When considering cost allocations for the case, Davis-White HHJ followed the principles of case law precedent and the Civil Procedure Rules, that the unsuccessful party should bear all costs, but also considered that if the party challenging the will has reasonable grounds, then each party should bear their own costs. There was also a case for the estate to bear the costs had the testator been at fault.
In this case the default position would be for the unsuccessful party to pay all costs, but, says William Golightly Barrister at Gatehouse Chambers, commenting on the case, “the court can alternatively make a split costs order covering each issue”.
“However, in a case abandoned halfway through, the trial judge has the difficulty of making the assessment having heard only part of the evidence and so may have difficulty deciding whether ‘reasonable grounds’ have been established”, he added.

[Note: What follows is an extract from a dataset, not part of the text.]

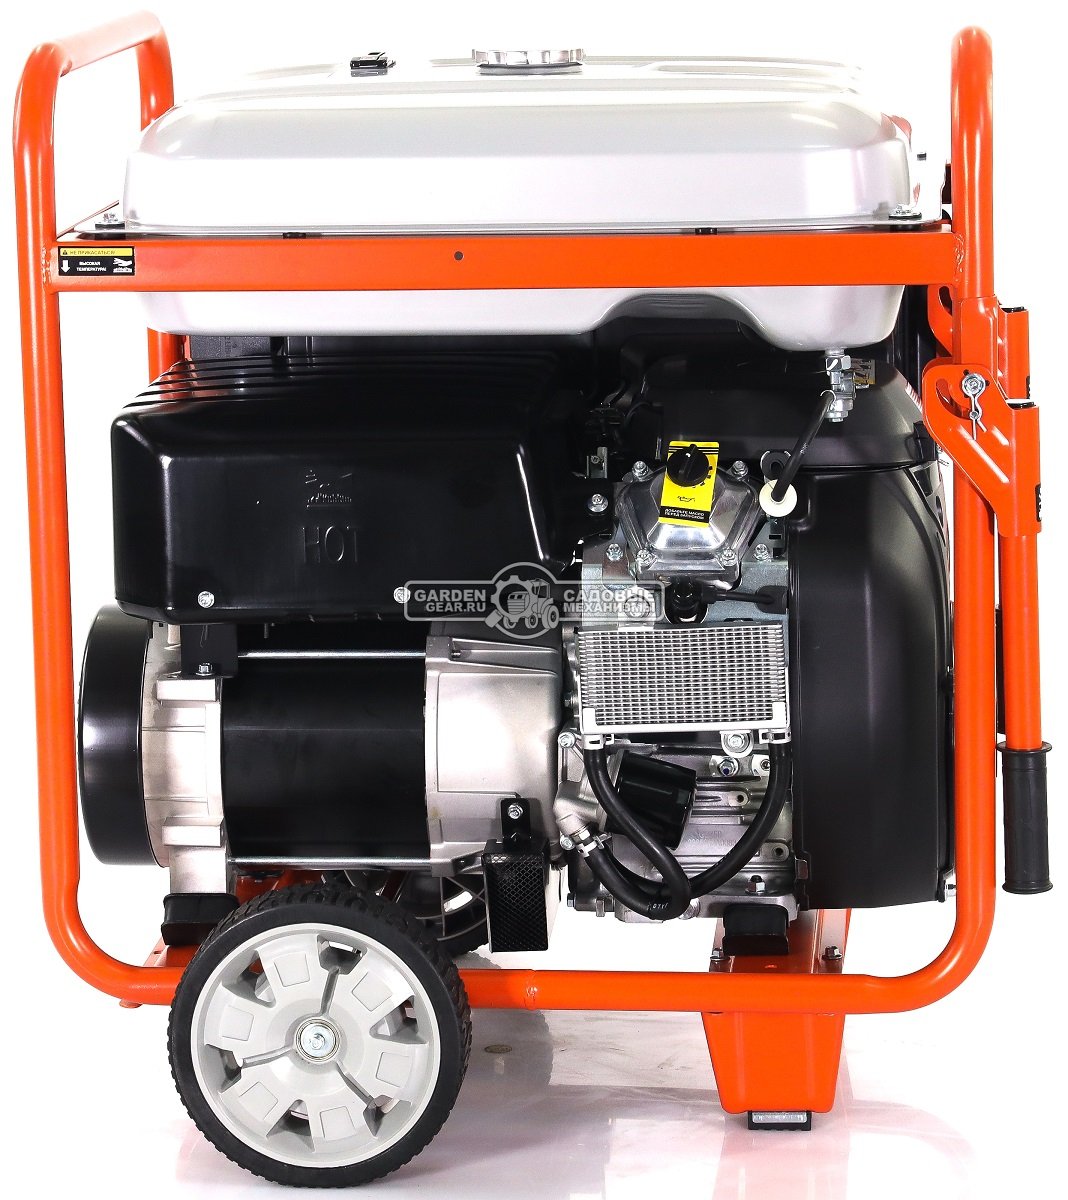 Бензиновый генератор Zongshen PB 15003 E трехфазный (PRC, 750 см3, 12.0/13.0 кВт, 55 л, электростарт, колеса, 157 кг)
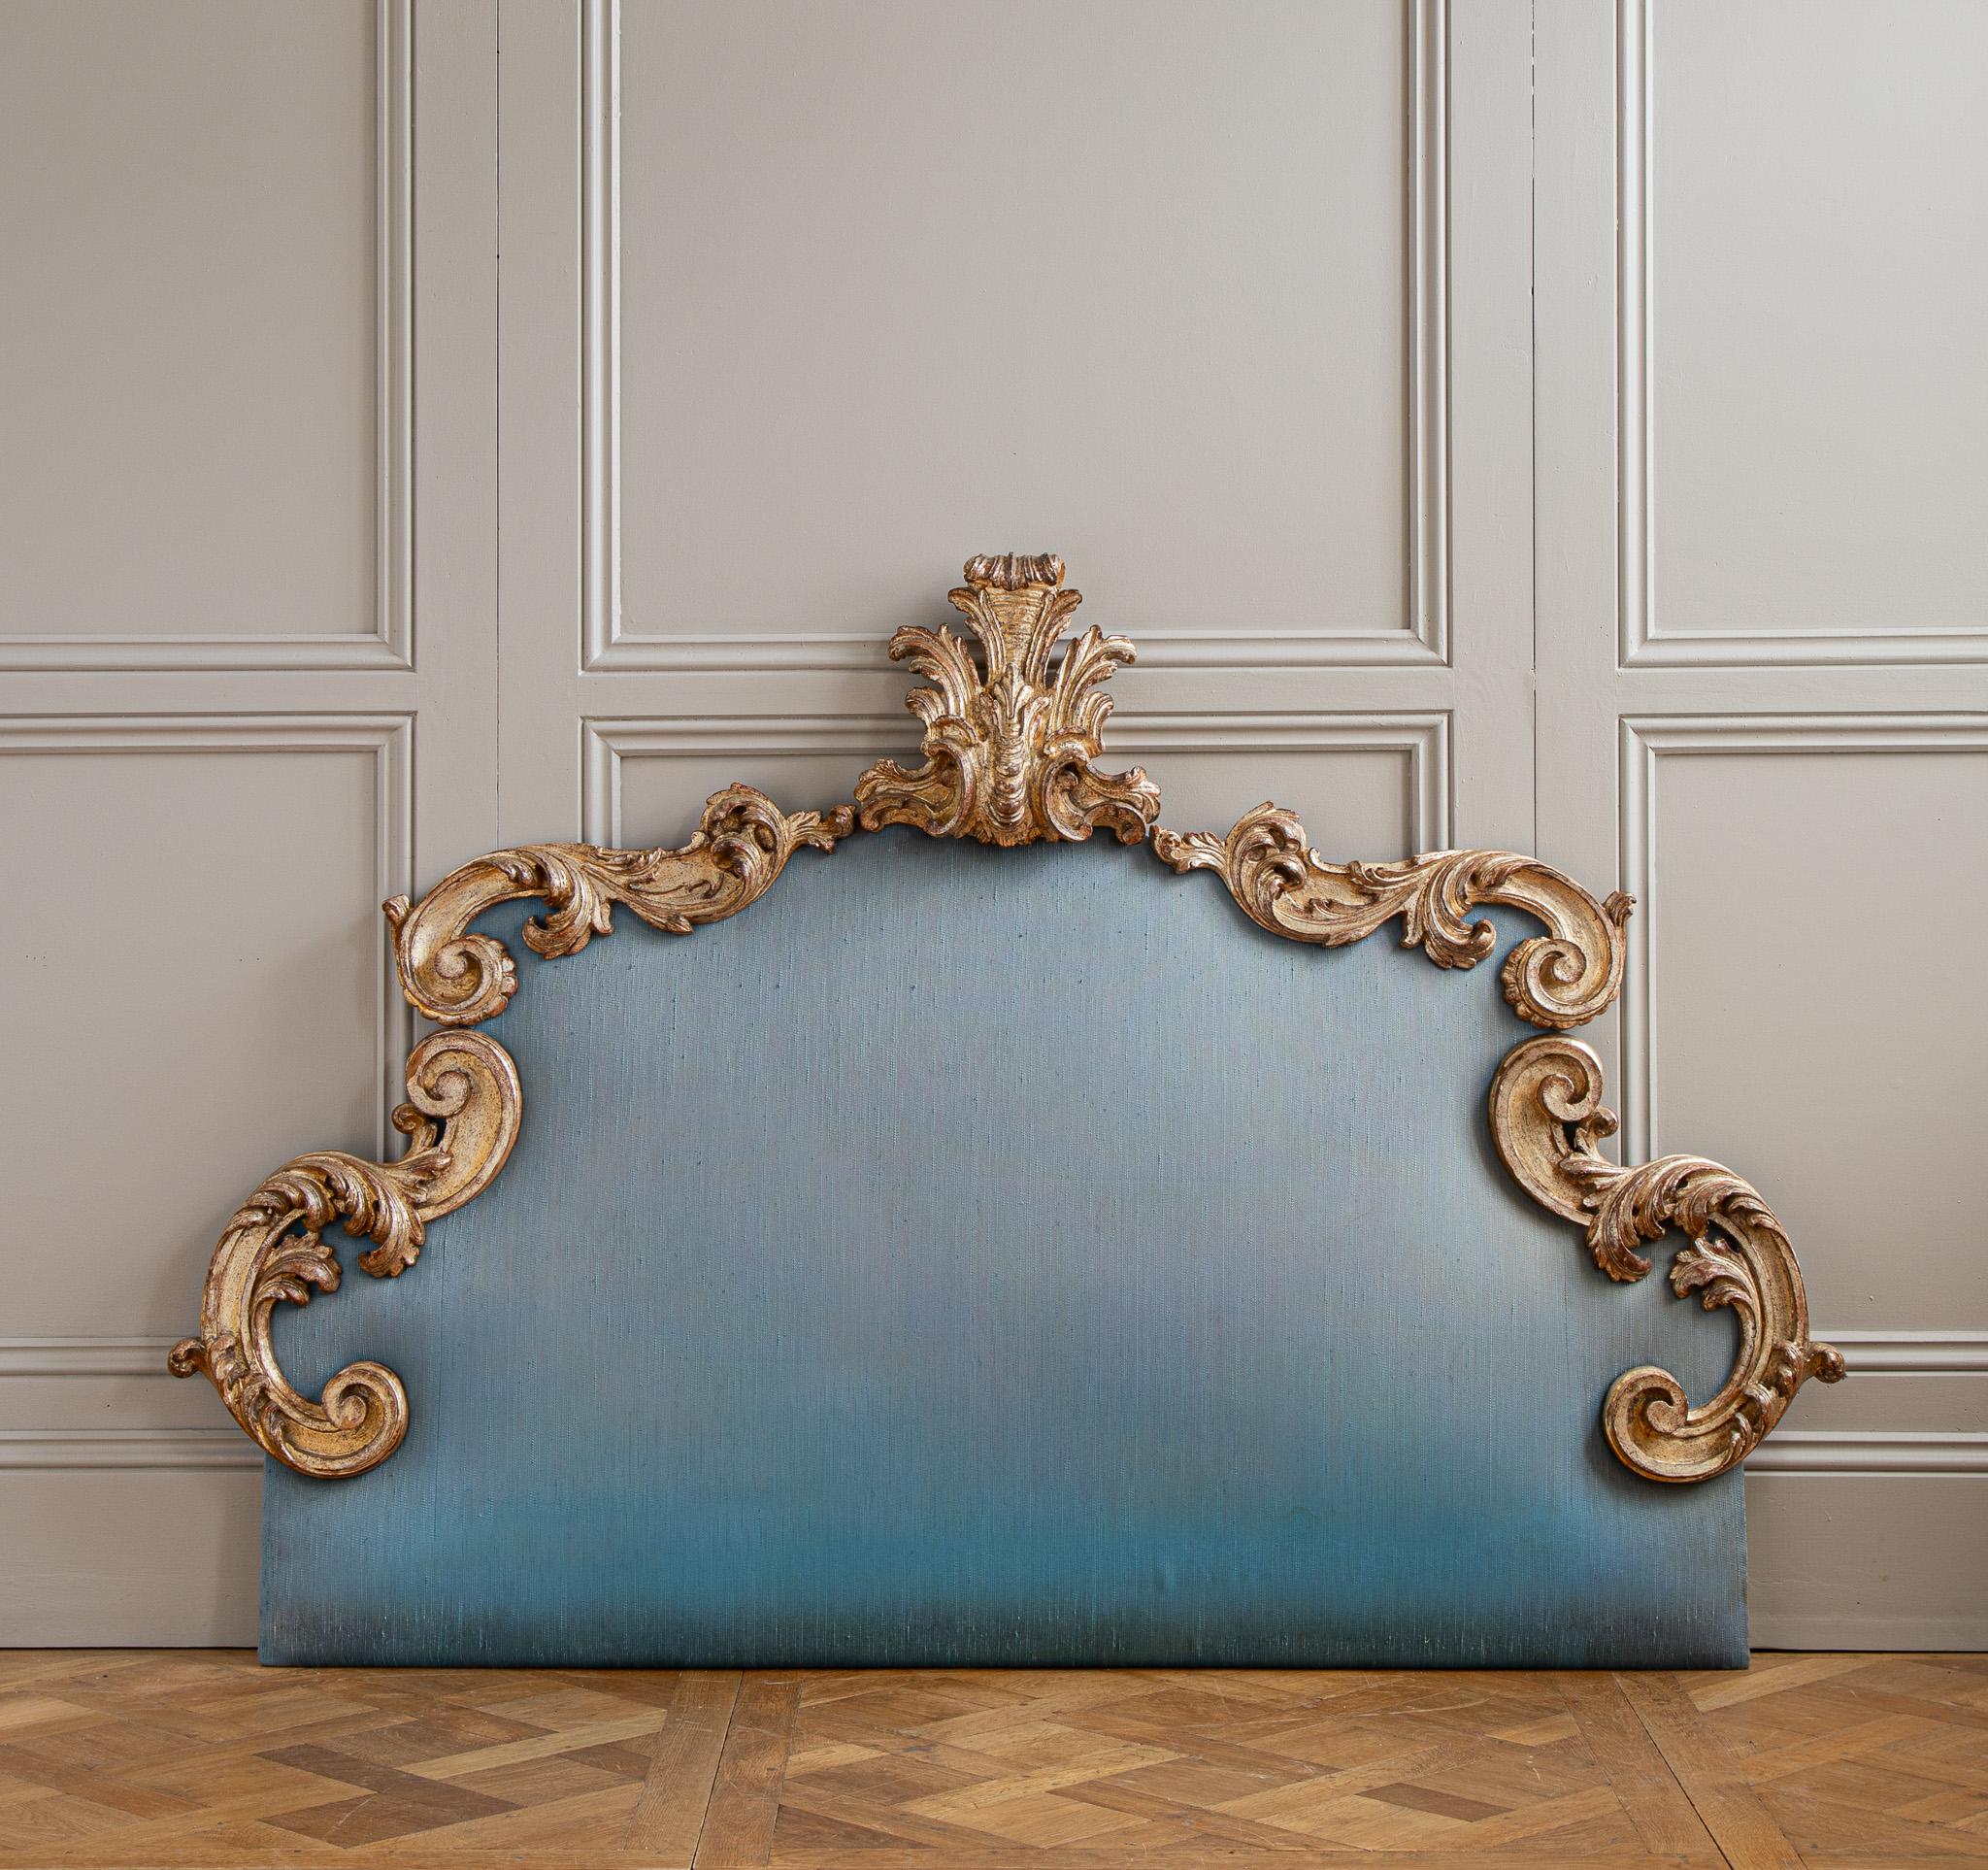 Une grande tête de lit de Florence, Italie, circa 1900, capturant l'élégance ornée de la période Rococo. La tête de lit est composée de courbes en S embellies avec une grande feuille d'acanthe stylisée à son sommet pour le motif central. La pièce

Davis-White HHJ eventually ruled that the Avison family did not have reasonable grounds for challenging the will and that as the unsuccessful party in the case, should pay the costs of both sides. It was also found that the testator was not at fault and the estate would therefore not be liable for costs.
“Practitioners must satisfy themselves at an early opportunity as to whether the cause of the litigation can properly be laid at the door of the testator or, alternatively, whether there are reasonable grounds … for challenging the will”, said Golightly.
“A proper analysis of these points at the outset of a contemplated will challenge may discourage speculative litigation resting on the false premise that a litigant chancing their arm in a will challenge will always get their costs paid for out of the estate”, he added.